(GIVEN DATA)
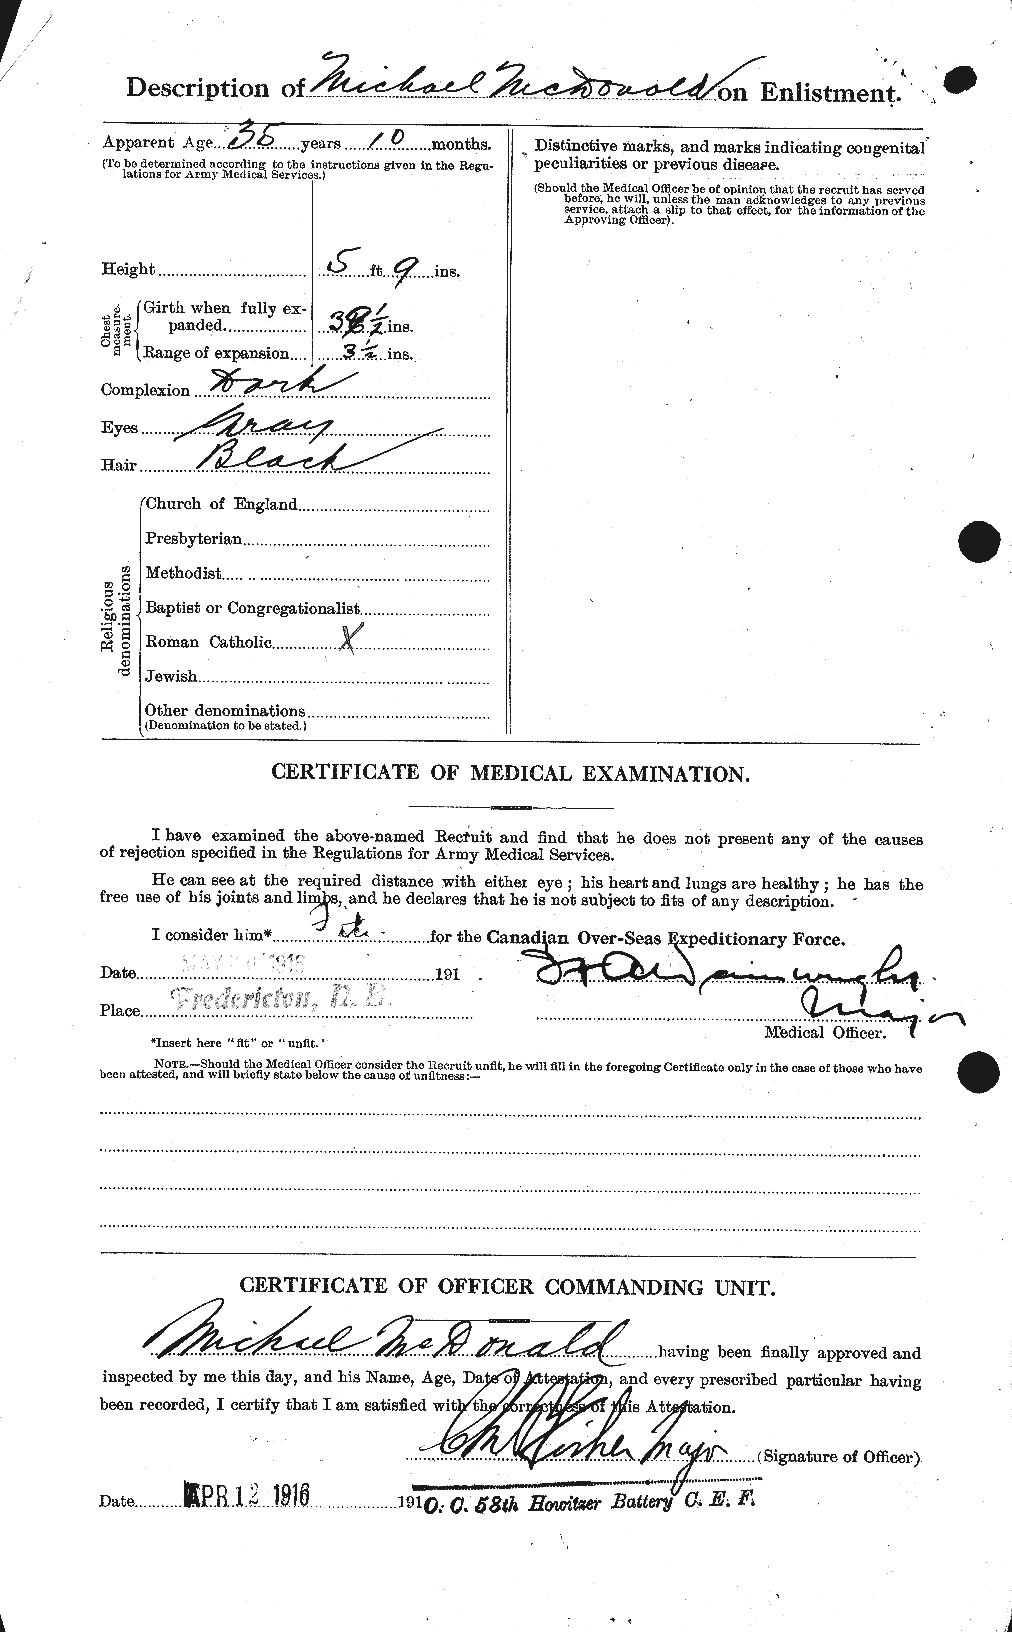 Personnel Records of the First World War - CEF 524622b
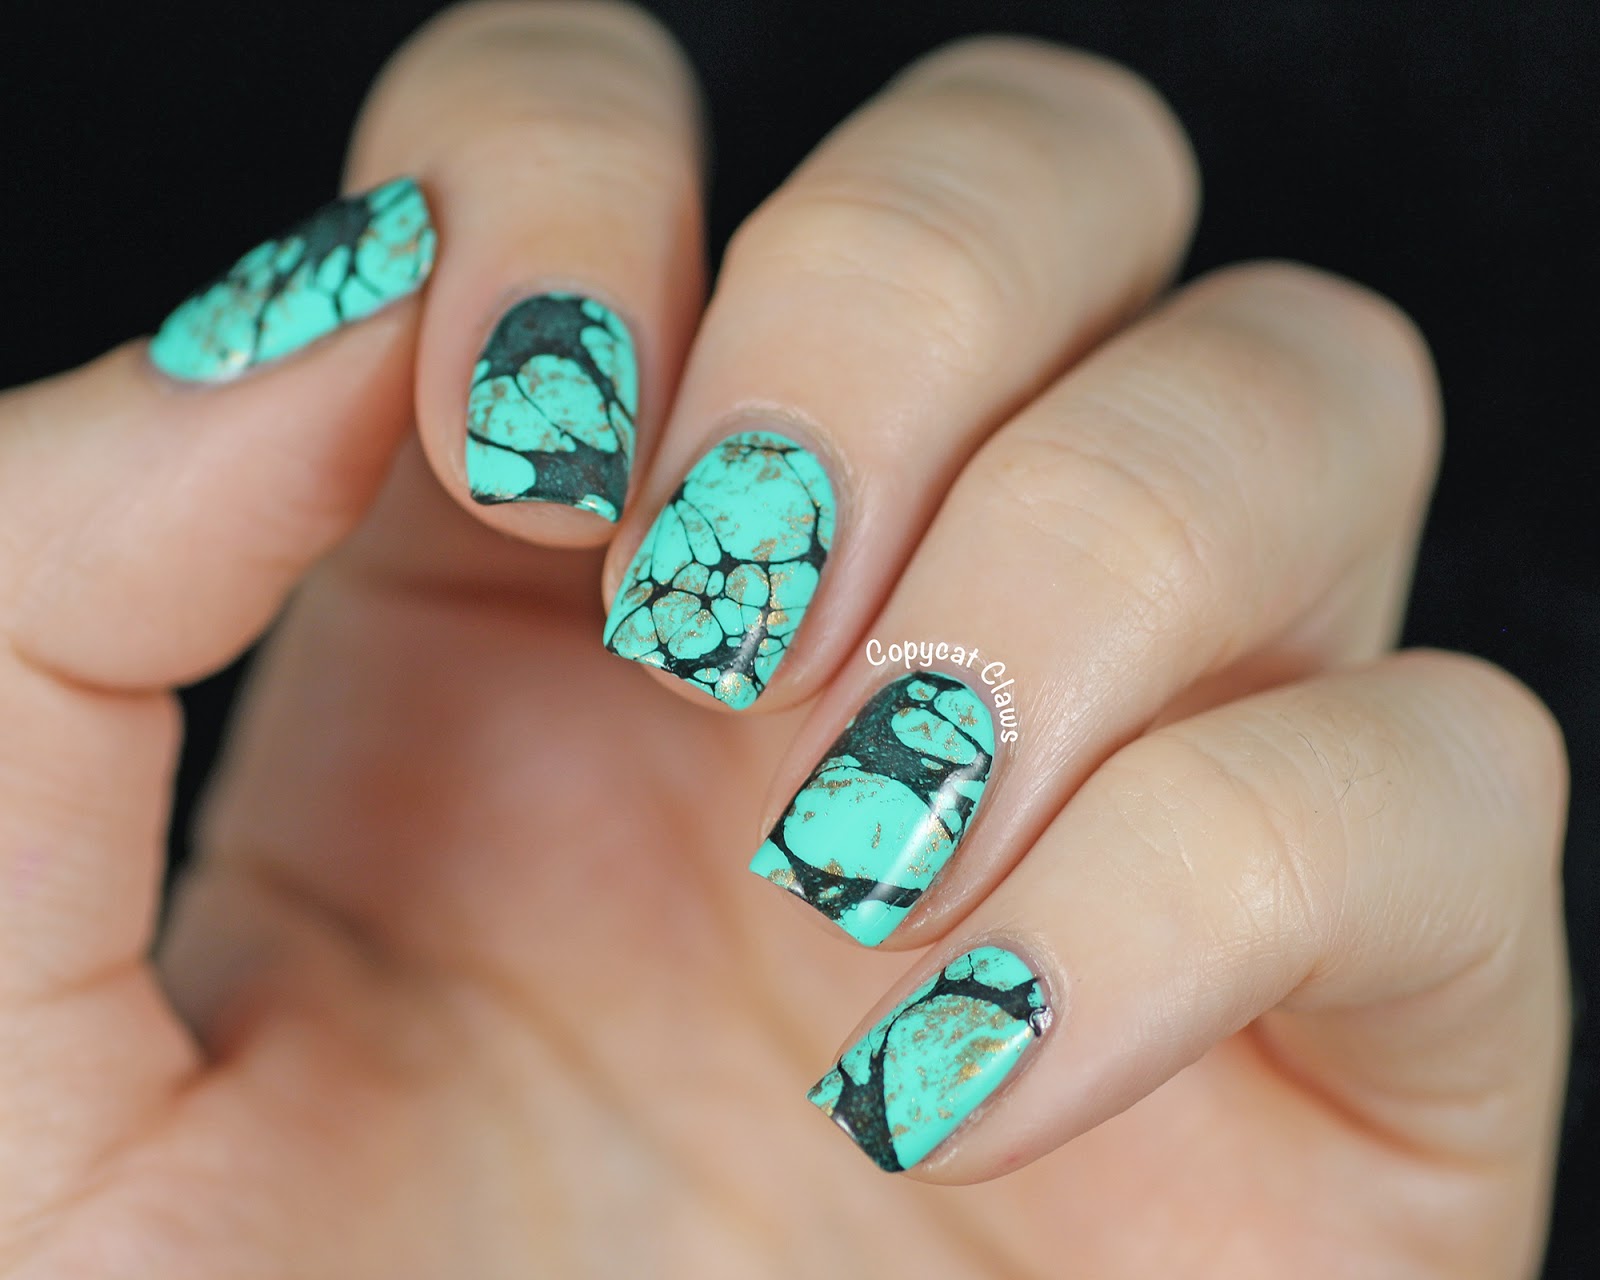 2. 50+ Turquoise Nail Art Designs for a Bold and Beautiful Look - wide 8
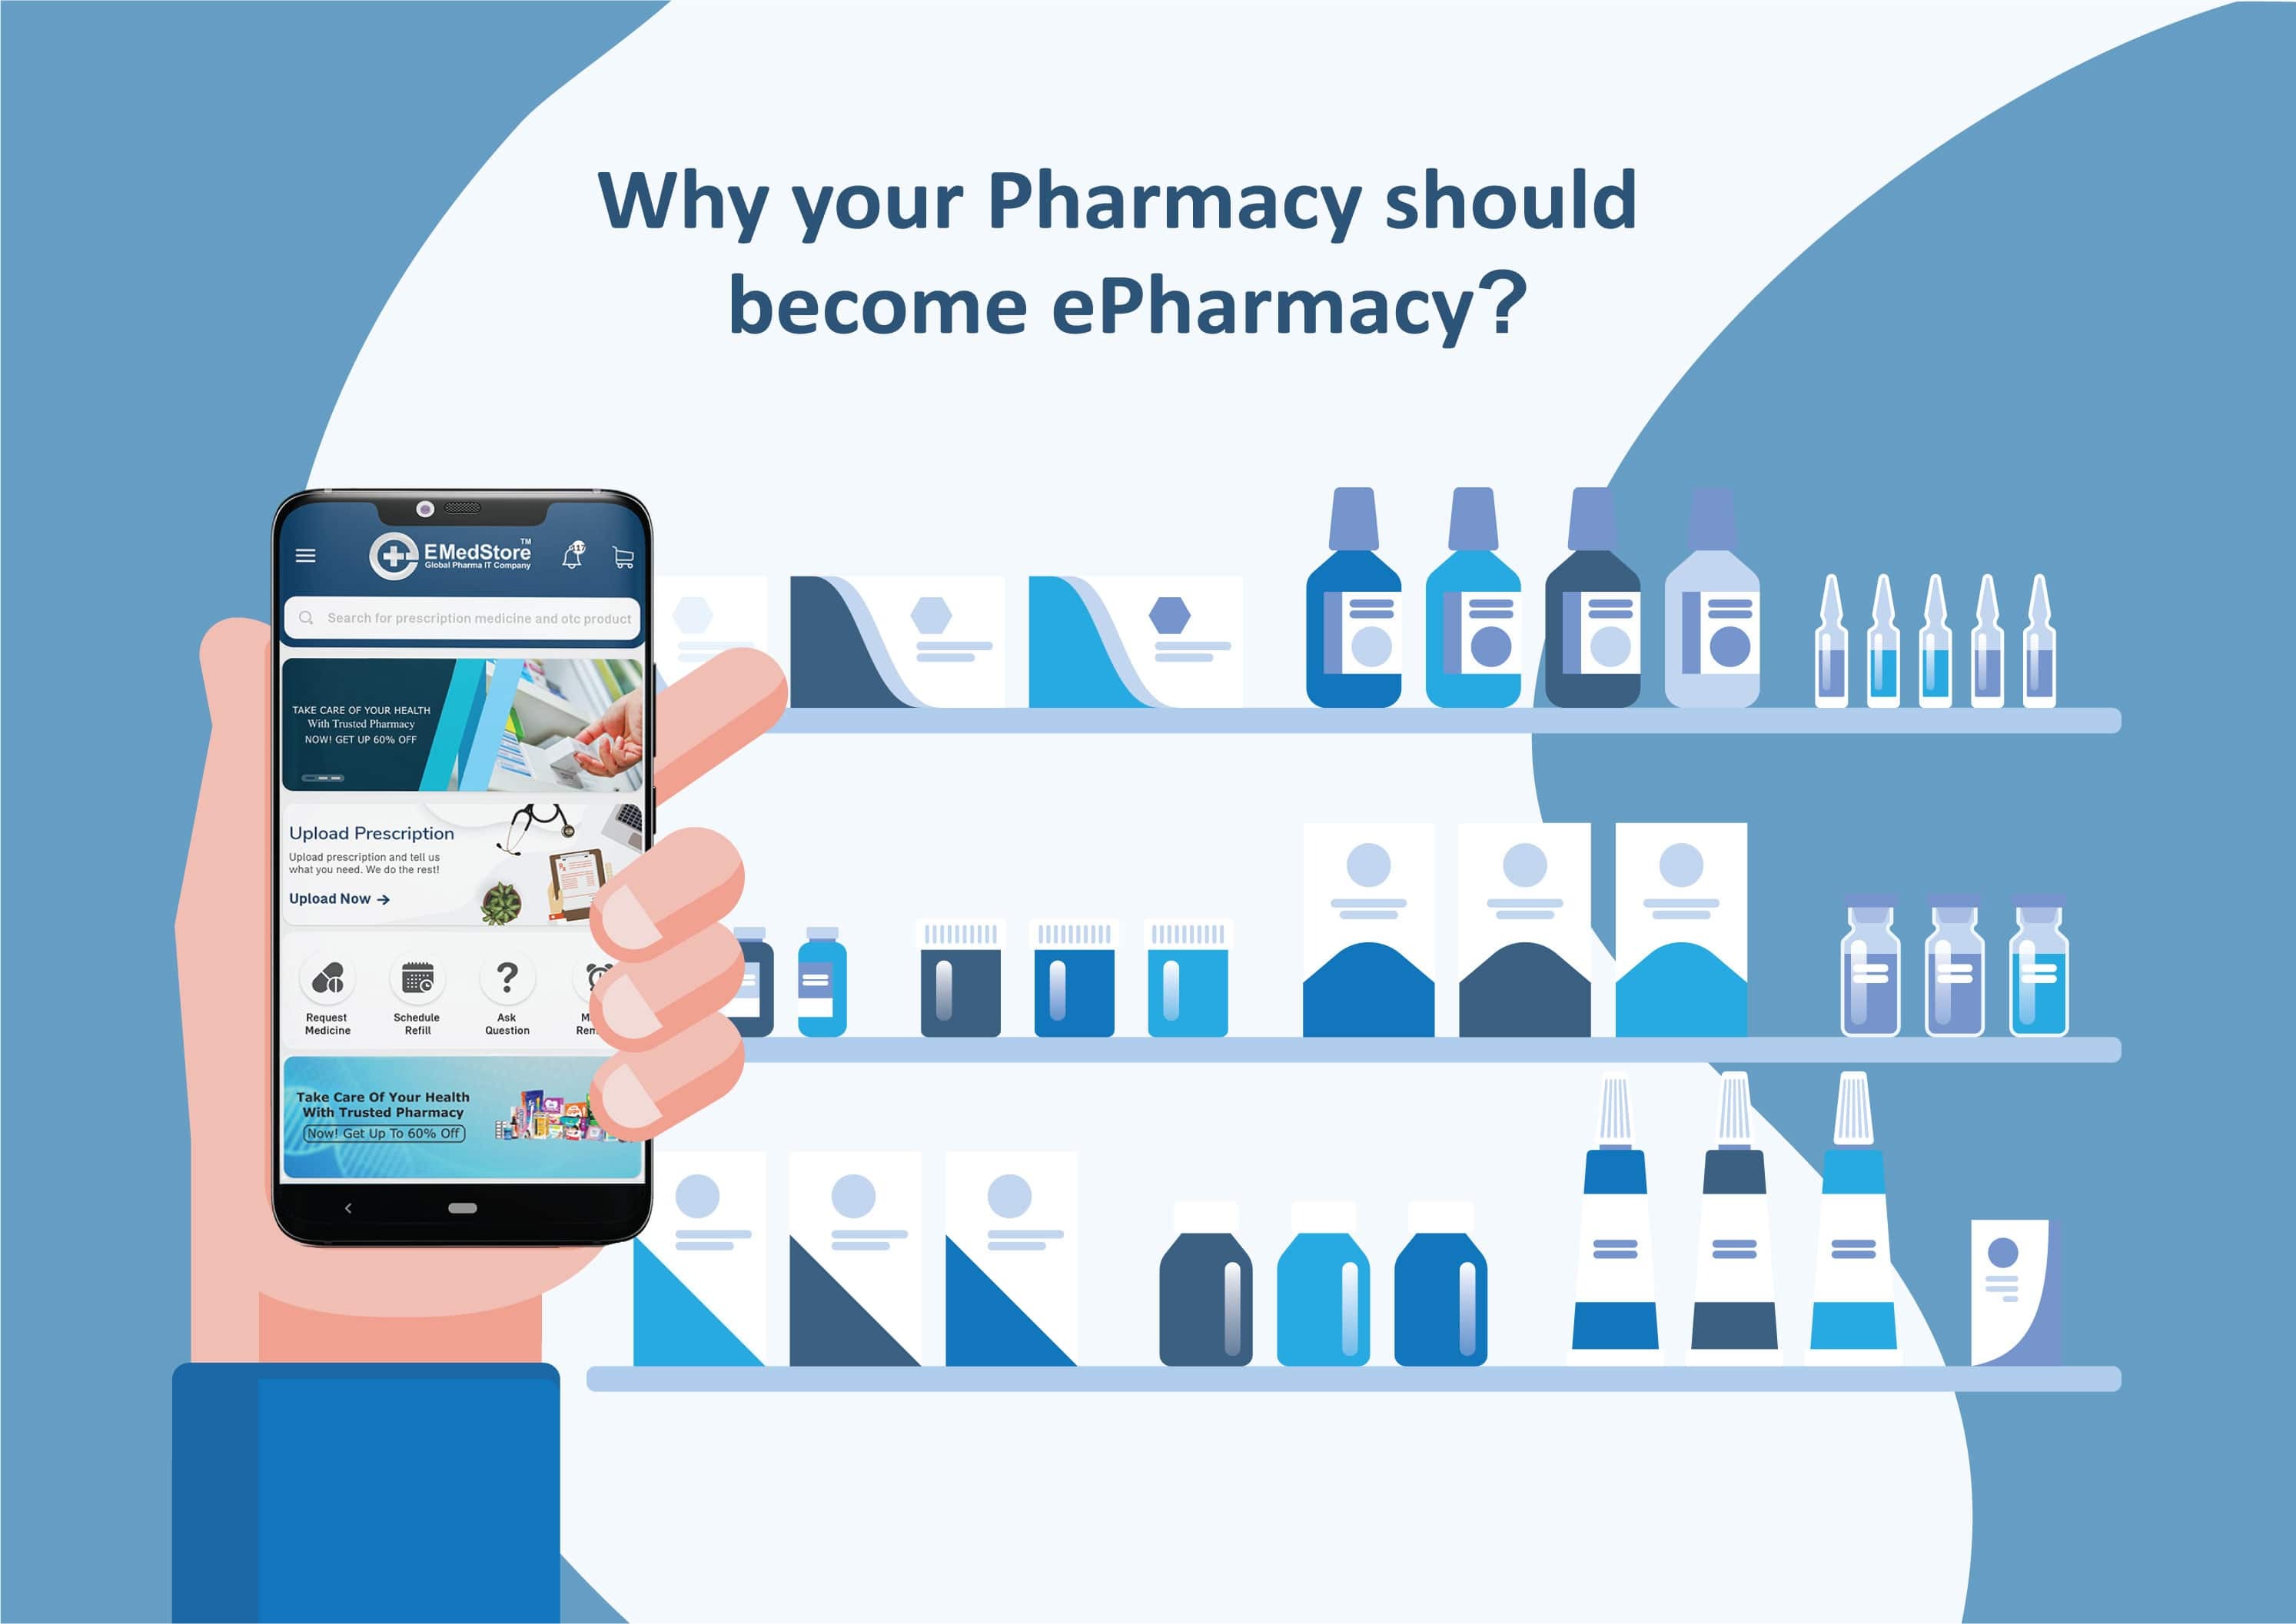 why your pharmacy should become epharmacy?

(REQUIRED ACTION)
A word-for-word copy of all the data, without pictures, is the expected output.

(EXERCISE RESPONSE)
 Personnel Records of the First World War - CEF 524622b
 2. 50+ Turquoise Nail Art Designs for a Bold and Beautiful Look - wide 8
 why your pharmacy should become epharmacy?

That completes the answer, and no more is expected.